大河ドラマ新選組!』で自我が目覚めた(?)このアカウント、感無量。

あの、土方歳三さん(洋装エディション)が大阪に!オリックス劇場の舞台に!いらっしゃったのですね~ヤバイな。双眼鏡越しに目から栄養を吸収するように見てしまいましたね。

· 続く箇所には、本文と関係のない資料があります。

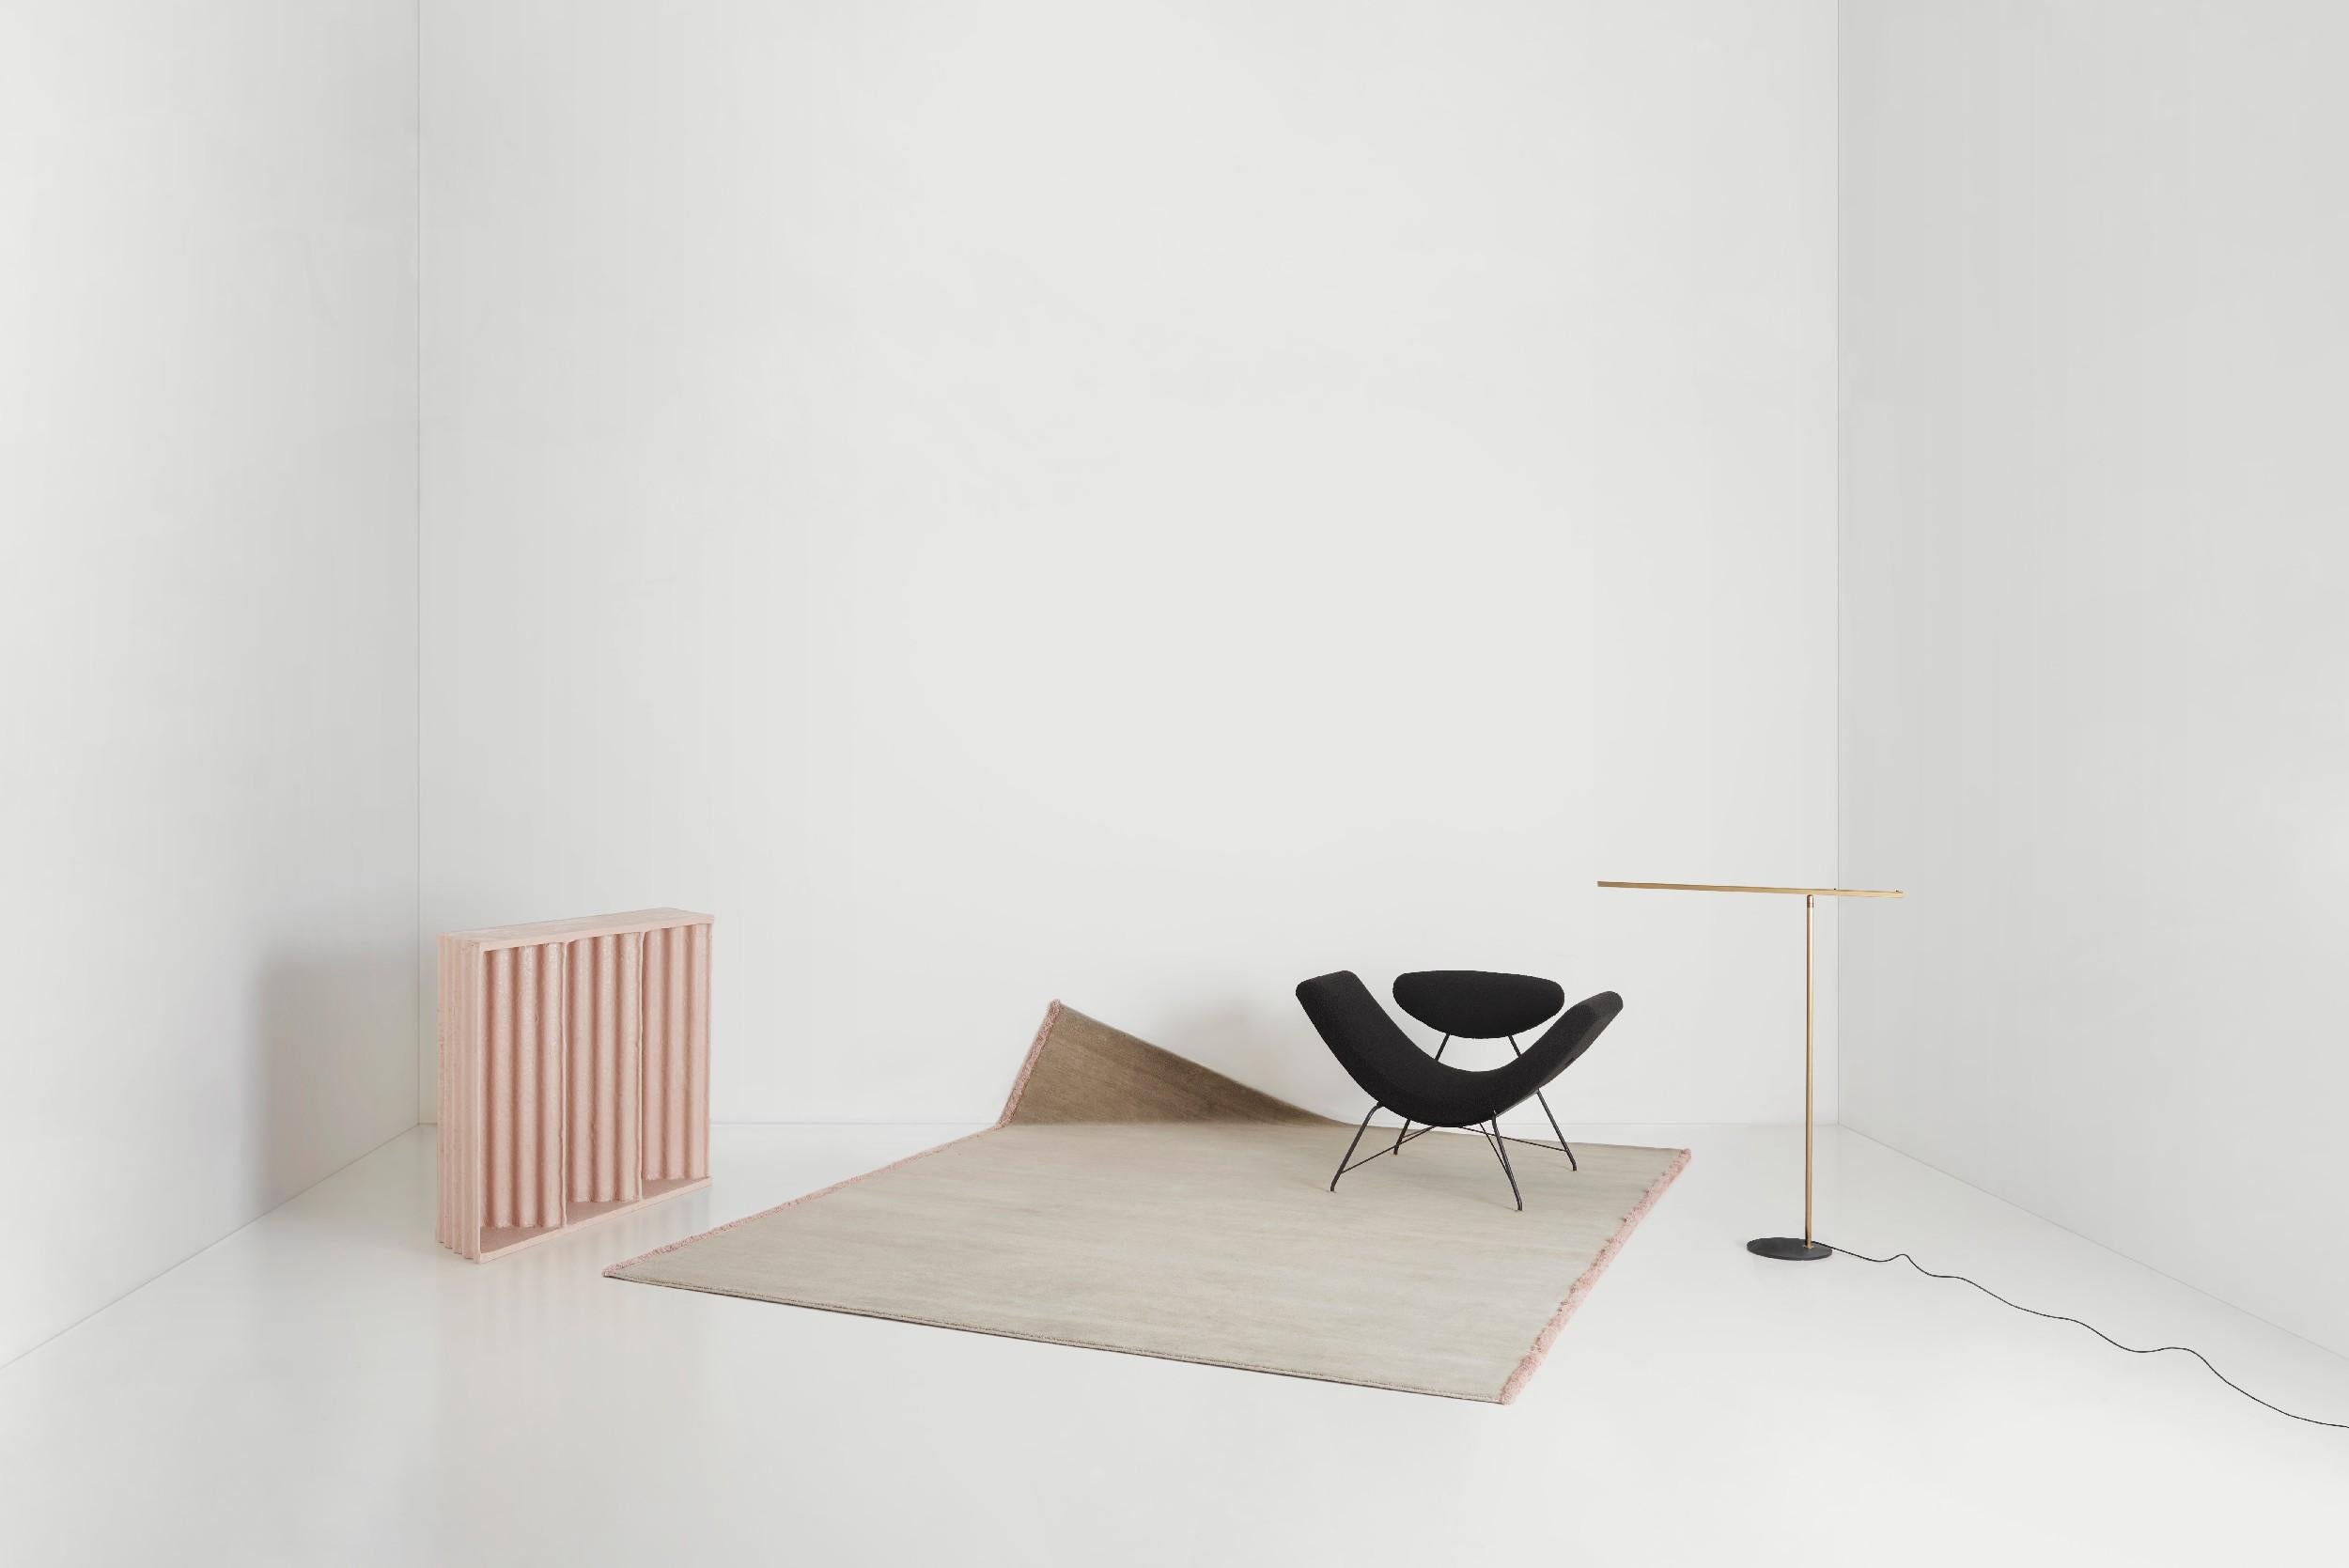 The Ondulato Fiberglass Console explores corrugated sheet material where the territory in which the item is made dictates the finish. The Console is part of a larger collection developed during an artist residency. Corrugated sheets, a beautifully

つまりヤマコーさんが土方歳三の姿で、土方歳三になりきって登場したのですね。『新選組!』を見ていた頃からしか過去の記憶がはっきりしてないといっても過言ではない自分は、思わず合掌してしまいました(神格化)。しかも八嶋さんに対して「武田観柳斎だか知らねえけど~」的なこと言ってた。ファンサ、オイ!過剰摂取により卒倒。

 

演出家の闇を感じる第二幕

ここまでほぼヤマコーさんの話しかしてない。

とにかく、笑いを織り交ぜながらユニバのアトラクションみたいに勢いよく進んでいく第一幕なのだが、第二幕あたりから暗さを見せ始める。

歴史操作による世界(レキシーランド)の歪み?だったり、ウォルトレキシー(って何だよ)が磔になったり、こきん君の架空のキャラ(ヨシツネ・佐藤流司君)と明智藤井隆さん)が暴走したり、血生臭い展開に。

演出家はレキシネームたいらのマサピコこと河原雅彦さんで、『人間風車』とか『ライチ☆光クラブ』等の演出をしている。思わぬ闇展開でちょっと(ぞわ・・・)と演出家の闇を感じたが、最終的にはこきん君の自立、カオリコ様の過去との決別、そして二人が結ばれてハッピー♪で感動なラストだったので安心した。

 

レキシの楽曲、最高

レキシの楽曲は何かのオマージュだったりするものもあるし、キャッチーなのであんまり曲を知らない人でも楽しく盛り上がれると思うし、ラップとかロックとかファンクとか幅広くて面白いと思う。

おそらく今回観た人の中にもレキシをあまり知らない人もいたと思うが、最後の『狩りから稲作へ』では客席全体が稲穂を振りながら盛り上がっていた。

実際に「2曲ぐらいしか知らんかったけど、楽しかったしライブ行きたくなった」って声も聞こえたし。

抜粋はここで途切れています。